From time to time, I get a service call asking me to break into a Cisco router or an ASA or a PIX. In most cases, the device was deployed a long time ago and nobody remembers the password. Or they have a copy of the config but the password was stored in the encrypted format.
If you have the password in encrypted format, you might luck out if it is a commonly-used value such as 8Ry2YjIyt7RRXU24 (password is blank) or 2KFQnbNIdI.2KYOU (password is “cisco”). You can try to brute force it with John the Ripper, or Cain and Abel, or some precomputed rainbow table. The time required to brute force a complex password will depend on the character set used in the password, the length of the password, and the speed of the computer that is running Cain & Abel. Might take an ice age to brute force it. Would it be worth the time?
You might have better luck with a bit of lateral thinking. Just paste the encrypted password into Google and see if anyone has posted their own config in some Google-indexed forum somewhere. If their encrypted password is the same value as your mystery password, they are using that same password. Can you ask the poster what their password is?

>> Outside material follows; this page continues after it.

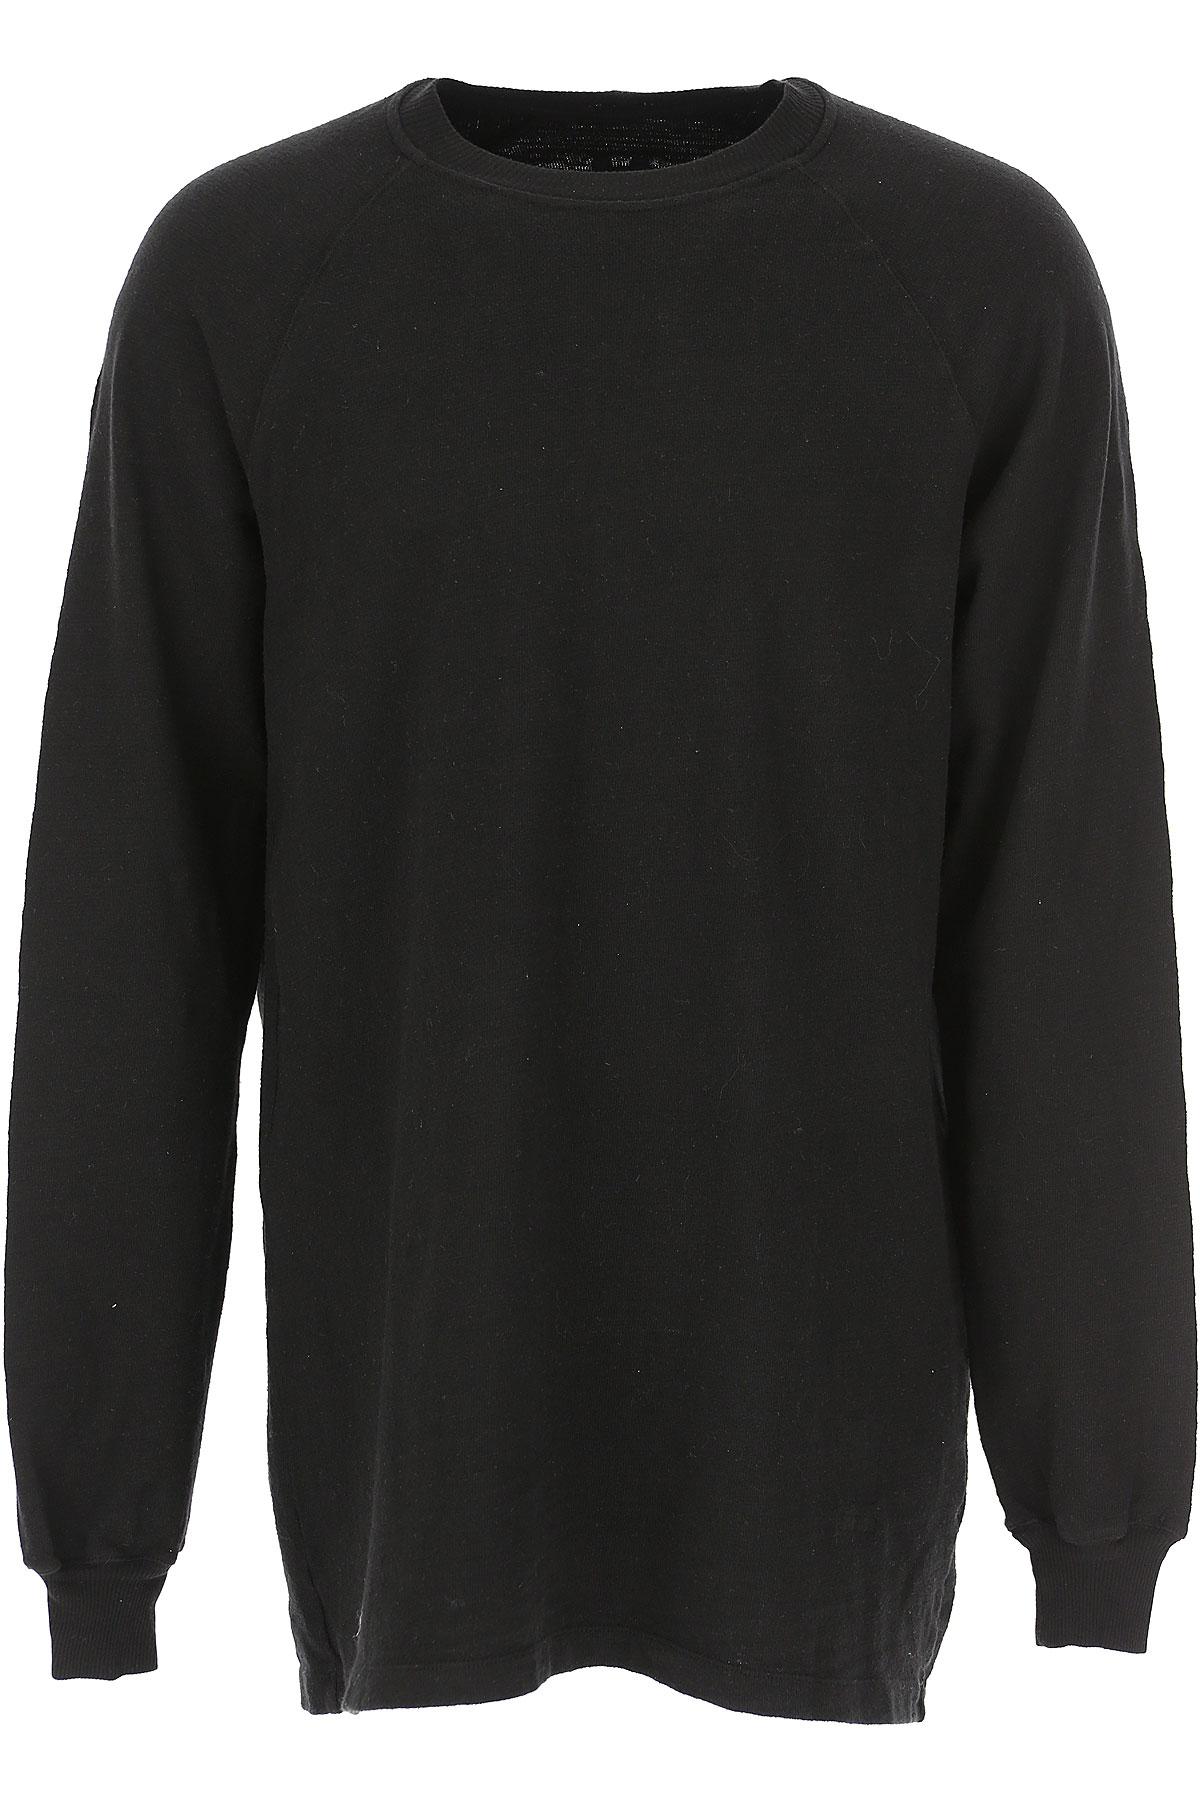 Rick Owens DRKSHDW Mens Clothing On Sale in Outlet, Black, Cotton, 2019, L M

Other lateral puzzle approaches include: looking for other places that the password may have been stored. Let’s hope it’s not on a Post-It note underneath the keyboard. On a typical network, the documentation is all stored in the same place; a file share, a local directory, a KeePass archive. Maybe a hard copy in the server room. Some of it may not be encrypted. Many admins will use the same password in different systems. The ASA enable password might be the same as the domain administrator password. Might be in the old admin’s email archive. You never know, the sort of sensitive shit people email unencrypted to themselves. That’s the main reason I have to nuke lost Blackberrys from the corporate BES. No screen lock password on your Blackberry AND you emailed naughty photos to yourself? Dude.
You can try to guess the password. Name of company. Name of admin. Name of admin’s dog/cat/child/soccer team/favorite pornstar.
If you have physical access to the ASA, you can probably reset the password. Pretty painless. Just boot into ROMMON mode, change the configuration register value to 0x41 so that the ASA boots without loading the startup config. This means you’re in without needing a password. Then you can copy the startup config into the running config, and you can change the password.
Reboot the ASA. When you see the following text, press the BREAK or ESC key.
Use BREAK or ESC to interrupt boot. Use SPACE to begin boot immediately.
You are now in ROMMON mode, as indicated by the prompt.
rommon #0> confreg Current Configuration Register: 0x00000001 Configuration Summary: boot default image from Flash
Take note of the value of the Current Configuration Register. You are going to be prompted to answer several questions, and based on your answers, the ASA’s Configuration Register is going to be changed to a different value. You’ll want to set the Configuation Register back to its original value after you have reset the ASA password.
Do you wish to change this configuration? y/n [n]: y enable boot to ROMMON prompt? y/n [n]: enable TFTP netboot? y/n [n]: enable Flash boot? y/n [n]: y select specific Flash image index? y/n [n]: disable system configuration? y/n [n]: y go to ROMMON prompt if netboot fails? y/n [n]: enable passing NVRAM file specs in auto-boot mode? y/n [n]: disable display of BREAK or ESC key prompt during auto-boot? y/n [n]: Current Configuration Register: 0x00000041 Configuration Summary: boot default image from Flash ignore system configuration Update Config Register (0x41) in NVRAM...
Type boot. Now the ASA is going to boot the OS, but it will load the default config instead of the startup config.
rommon #1> boot
Get into privileged EXEC mode and hit ENTER when prompted for the enable password. Then copy the startup config into the running config.
ciscoasa> en Password: ciscoasa# copy start run Destination filename [running-config]?
Get into global configuration mode and make the changes that you want, e.g. change the enable password. You have total access now, so you can change anything that you want.
ciscoasa# conf t ciscoasa(config)# enable password cisco
When you have finished making all the changes to the config, reset the Configuration Register back to its original value and save the config.
ciscoasa(config)# config-register 0x1 ciscoasa(config)# wr mem
What is the Configuration Register?
The Configuration Register value is a hex value that specifies various boot parameters for the ASA, such as which boot image to use, whether or not to boot the startup config, or whether to perform the ROMMON countdown.
You can set it while you are in ROMMON mode with the confreg command. For example, you could type confreg 0x41 and you won’t be prompted to answer all those questions in the instructions above. (Because the questions only serve as a human-friendly way to formulate the value of the Configuration Register. By specifying “0x41″, you have already provided the value.) However, if you just type confreg, it will display the current value of the Configuration Register. This is important if you need to find out the existing value of the Configuration Register.
rommon #0> confreg 0x41
You can also set the value of the Configuration Register while you are in the global configuration mode with the config-register command.